My wife’s family used to have a vacation home on Ocracoke. One year her mom bought some romance novel for a beach read that was set on Ocracoke, it seemed appropriate.
It was pretty clear that the writer had never been to Ocracoke or even bothered looking at Google maps because they talked about the cliffs by the sea.
It’s a glorified sandbar, just about the biggest elevation changes you’ll find are some dunes and the curb stepping off a sidewalk onto the road, nothing even remotely resembling a cliff.
has lost seven homes to the ocean in the past four years.
I sleep.
- The Climate is always changing
- we will have more waterfront property
- antartica is gaining ice
- CO2 is good for plants
- sea level rise is exaggerated
- scientists are in it for the Gov money
- We’re coming out of a little ice age
- they want to ban cows
- There is no consensus
- volcanos did it
That ‘CO2 is plant food’ argument always cracks me up.

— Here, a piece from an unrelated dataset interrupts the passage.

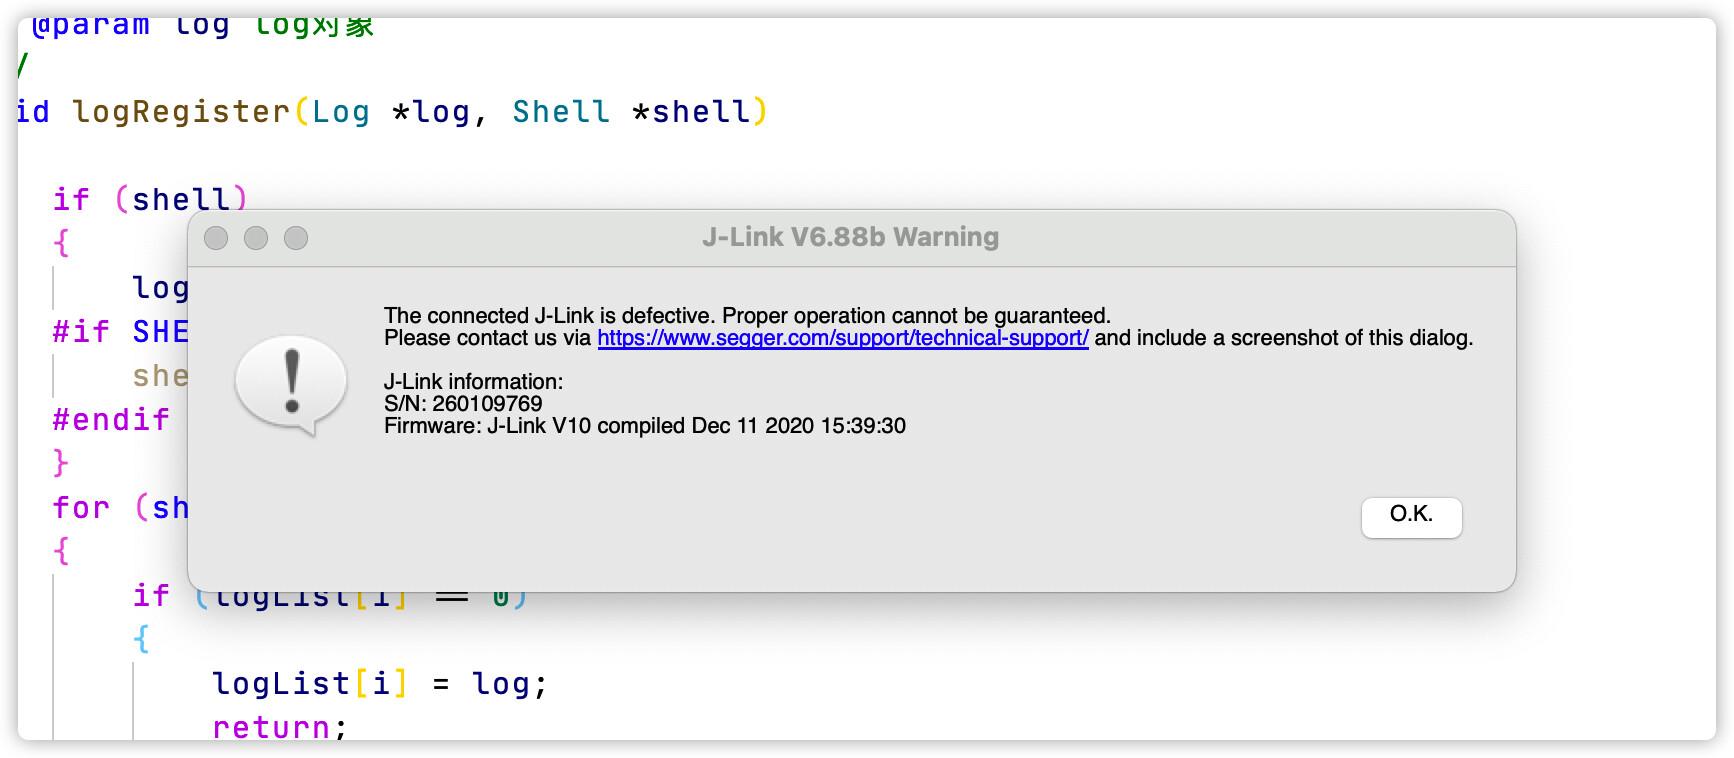 iShot2021-01-11 15.15.02

Like, water is good for people yes, but I’ll still die if you shove a thousand gallons down my throat.
They’ve stopped claiming it’s the 11-year solar cycle. That was a good one.
Antarctica is gaining ice…. Where
I do believe I read this. Changing weather patterns, including warmer air, created more snowfall in some parts of Antarctica. Remember that the interior is all desert, too cold for snow…. Or was
Of course it’s also like saying Death Valley had a flood, so California’s water shortage is solved
McMurdo got a new slushie machine
I haven’t heard anything about “the war on lightbulbs” lately. Maybe we won one.
Is this all from the “interview” on X or several different moments in time.
Volcano insurance is the next hottest must-have accessory
It’s been going on for years. People just make dumb decisions trying to get as close to the water as possible.
https://www.nps.gov/caha/learn/historyculture/movingthelighthouse.htm
Sea level has been rising for decades.
Looks like that one in the background is next.
Reminds me of the little pig who built his house out of sticks.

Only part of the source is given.